HOME BLOG ARCHIVE TAGS

Linux and Win32 Native Thread Naming

November 07, 2015

Multithreaded programing is hard. One technique that helps developing complex software is to set thread names, later identifiable in the debugger (or logs).

Linux and Windows have very different approaches to native thread naming. While Linux offers a direct and globally accessible method - in the best Unix-like I/O tradition - Win32 suffers with kludgy ways of achieving the same goal.

WINDOWS GOT IT FIRST

A long time ago, Matt Pietrek (of Under The Hood and BoundsChecker fame) wrote about the thread information block (TIB), a data structure associated with each Win32 thread. He documented common TIB fields, and it didn’t take long for programmers to setup pvArbitrary pointers as extra TLS slots.

One interesting pvArbitrary application is described by McKay and Woodring in their book “Debugging Windows Programs”. To set its name, a thread calls the special function below (snippet from the book):

 1
 2
 3
 4
 5
 6
 7
 8
 9
10
11
12
13
14
15
16
17
18
19
BOOL SetThreadName( char *pszName )
{
(...)
    char **ppszThreadName = 0;

    __asm {
        mov eax, fs:[0x18] // calling thread TIB
        add eax, 0x14      // pvArbitrary is at offset 0x14 in TIB

        // ppszThreadName = &TIB->pvArbitrary
        mov [ppszThreadName], eax
    }

(...)

    *ppszThreadName = pszName;

(...)
}

When debugging, pseudo register @TIB can be employed in a watch window expression to retrieve the name:

1
(char *)(dw(@TIB + 0x14))

They also described a second technique, removed from above SetThreadName() for readability. It was presented first by Jay Bazuzi at the 1999 Microsoft TechEd Conference (back then, he was a developer from Visual C++ team).
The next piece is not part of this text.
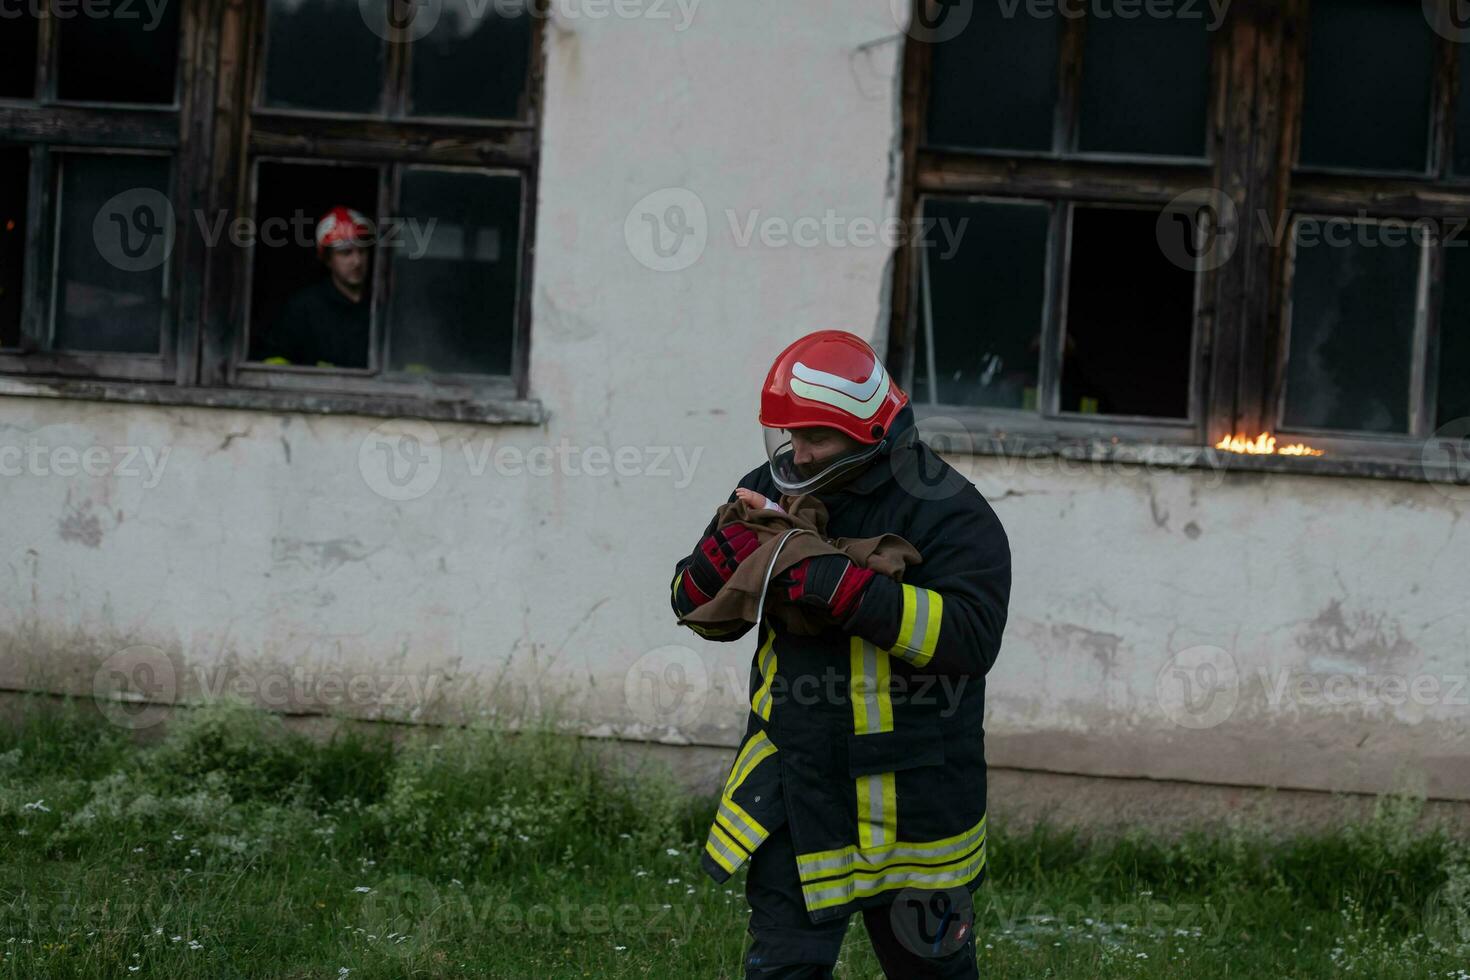 Feuerwehrmann Held Tragen Baby Mädchen aus von Verbrennung Gebäude Bereich von Feuer Vorfall. Rettung Menschen von gefährlich Platz foto

This second mechanism is now the standard: a special SEH Exception is raised to name a thread. Tools that implement this protocol catch the first chance exception, receive the thread id, do IPC with ReadProcessMemory(), and recover the name.

Unfortunately, Windows kernel has no knowledge of these user space conventions. Problems can happen in many unpredictable ways, as when @TIB->pvArbitrary is already taken by third-party components. Finally, the RaiseException() mechanism is very error prone (subject to annoying races, and does nothing when no one is listening).

BUT LINUX GOT IT RIGHT

Until kernel version 2.6.9, there was no way to natively set thread names in Linux; and it was not until release 2.6.11 that a corresponding get facility was created.

Since glibc 2.12, pthread_setname_np() and pthread_getname_np() can be called to set/get thread names. Pthreads leverages kernel functionality directly through prctl() or ‘/proc/self/task/[tid]/comm’ files.

Some confusion surrounds prctl() options. Old documentation stated that PR_SET_NAME and PR_GET_NAME worked on process names. In fact, they are used to operate on tasks (threads and processes under Linux are abstracted as schedulable tasks; see clone() system call for more details).

Thread naming is easy to implement on outdated glibc systems:

1
2
3
4
5
6
7
#include <sys/prctl.h>

// task name is restricted to 16 chars, including '\0';
prctl(PR_SET_NAME, (unsigned long) "thread_name");

// make sure name is at least [15 + 1] chars in length;
prctl(PR_GET_NAME, (unsigned long) name);

Old GDB versions can’t show task names with info threads. In this case, a bash loop inside appropriate ‘/proc/[pid]/task’ directory is enough to generate a list:

1
$ for t in */; do echo -n "$t - "; cat "$t"/comm; done

Linux thread name limit of 16 chars comes from TASK_COMM_LEN. When prctl syscall is made to PR_SET_NAME/PR_GET_NAME, current task ‘comm’ field size enforces it indirectly. This small buffer capacity is a low price to pay, for a very consistent functionality.